Wescott made a pitch for CAPCA’s political action committee by holding up a $1,000 check from him and his wife. The group raised $5,524 at the meeting.

“To be able to talk to some of these legislators, you’ve got to give them a little money to help their campaigns or help some of their causes,” Wescott said.

“It’s not a good thing but it is what it is. You’ve got to pay to play in this game.”

The speakers outlined some of the issues PCA’s are facing as winter approaches.

Chlorpyrifos: The state Department of Pesticide Regulation (DPR) is considering adding the widely used insecticide to its list of air toxicants, and the state’s Office of Environmental Health Hazard Assessment is considering placing it on the Prop 65 list as a developmental toxicant.

The U.S. Environmental Protection Agency reversed course earlier this year by not following through on a proposal to revoke food tolerances for the chemical. But California is moving forward with its own regulations, and DPR has issued interim recommendations with spraying restrictions to county ag commissioners.

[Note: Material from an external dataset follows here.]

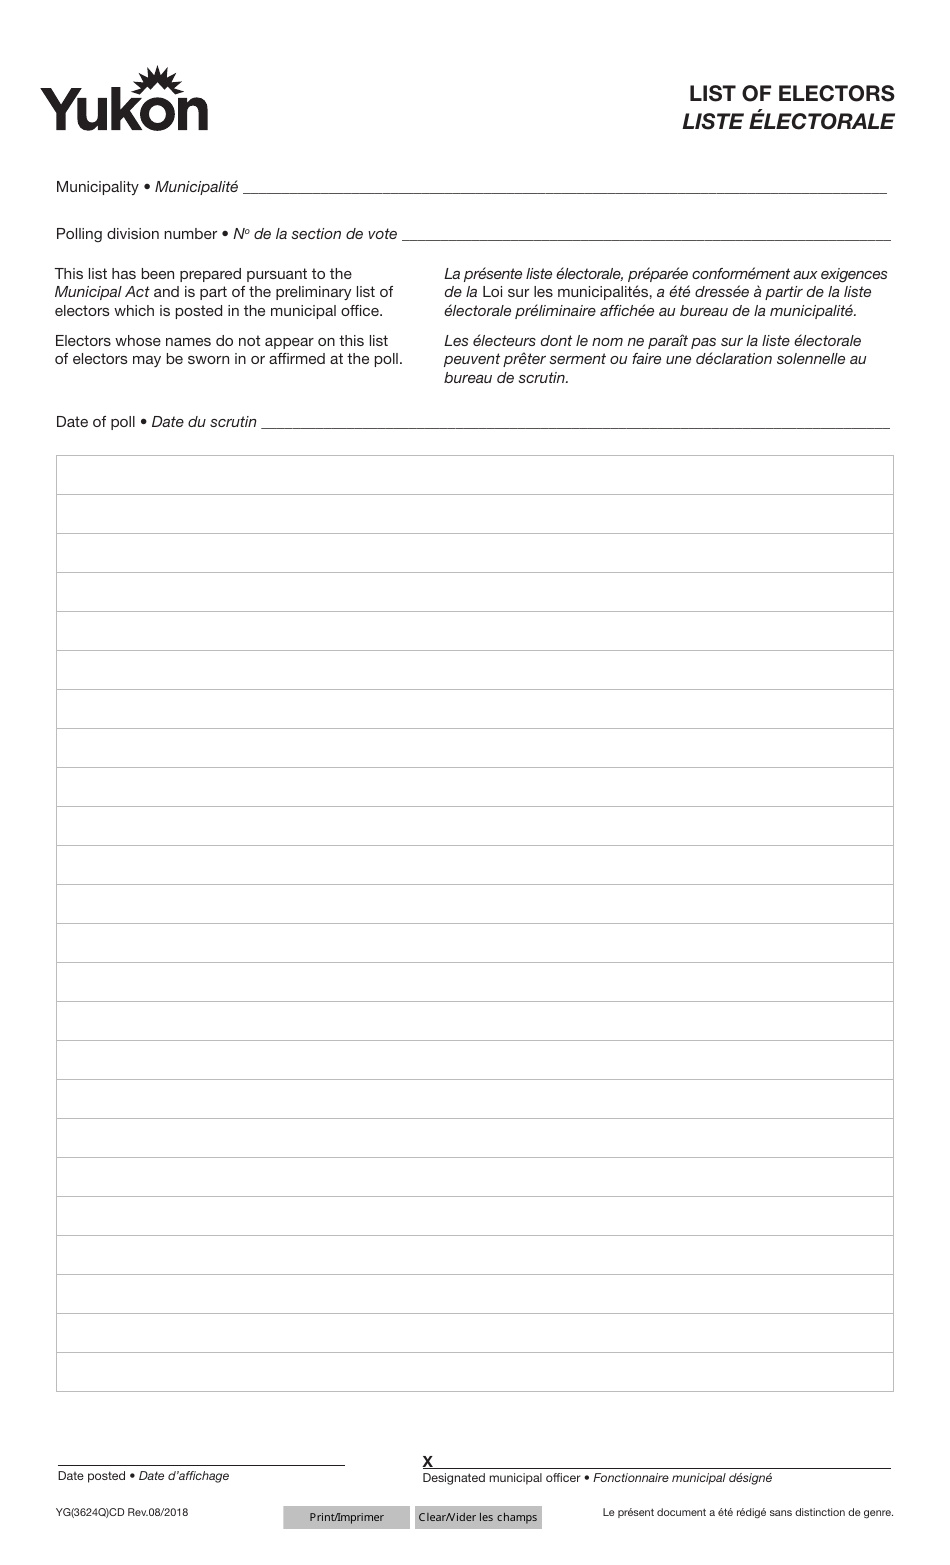 Form YG3624 List of Electors - Yukon, Canada (English / French), Page 1

CAPCA’s Wescott accused DPR of “cherry-picking” studies “that run counter to science but support DPR’s desire to impose further restrictions as a toxic air contaminant.” Asked for comment in an email, DPR assistant director of communications Charlotte Fadipe called the notion that DPR scientists would cherry-pick studies “inaccurate.”

“Our updated risk assessment takes a comprehensive look” at chlorpyrifos, sold under the tradename Lorsban (as well as many others), Fadipe said. “Our scientists review and evaluate all published work as they pertain to the pesticide. The risk assessment for chlorpyrifos was conducted like any other pesticide active ingredient and is based on current scientific guidelines and quantitative methodologies.”

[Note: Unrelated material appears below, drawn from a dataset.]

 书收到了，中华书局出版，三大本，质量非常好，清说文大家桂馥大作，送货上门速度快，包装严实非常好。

School buffer zones:  DPR is also considering new regulations to establish buffer zones, time-of-day restrictions, and notification requirements for pesticide spraying near schools. Wescott, however, said “there’s no evidence there’s ever been a problem.”

When it started the buffer zone regulation process, DPR said “the health risk to children and others is low when pesticides are used in compliance with the relevant regulations and label requirements. However, this low risk reflects compliance with current requirements in normal situations and does not account for exceptional circumstances or violations.” (More on the proposal is here.)

Integrated Pest Management: Wescott said that DPR does not recognize IPM courses for Continuing Education purposes. “DPR does not recognize IPM as being part of pest management right now,” Wescott said, but “we’re getting closer” to resolving the issue.

IPM is “an ecosystem-based strategy that focuses on long-term prevention of pests or their damage through a combination of techniques such as biological control, habitat manipulation, modification of cultural practices, and use of resistant varieties,” according to the University of California. “Pesticides are used only after monitoring indicates they are needed according to established guidelines, and treatments are made with the goal of removing only the target organism. Pest control materials are selected and applied in a manner that minimizes risks to human health, beneficial and nontarget organisms, and the environment.”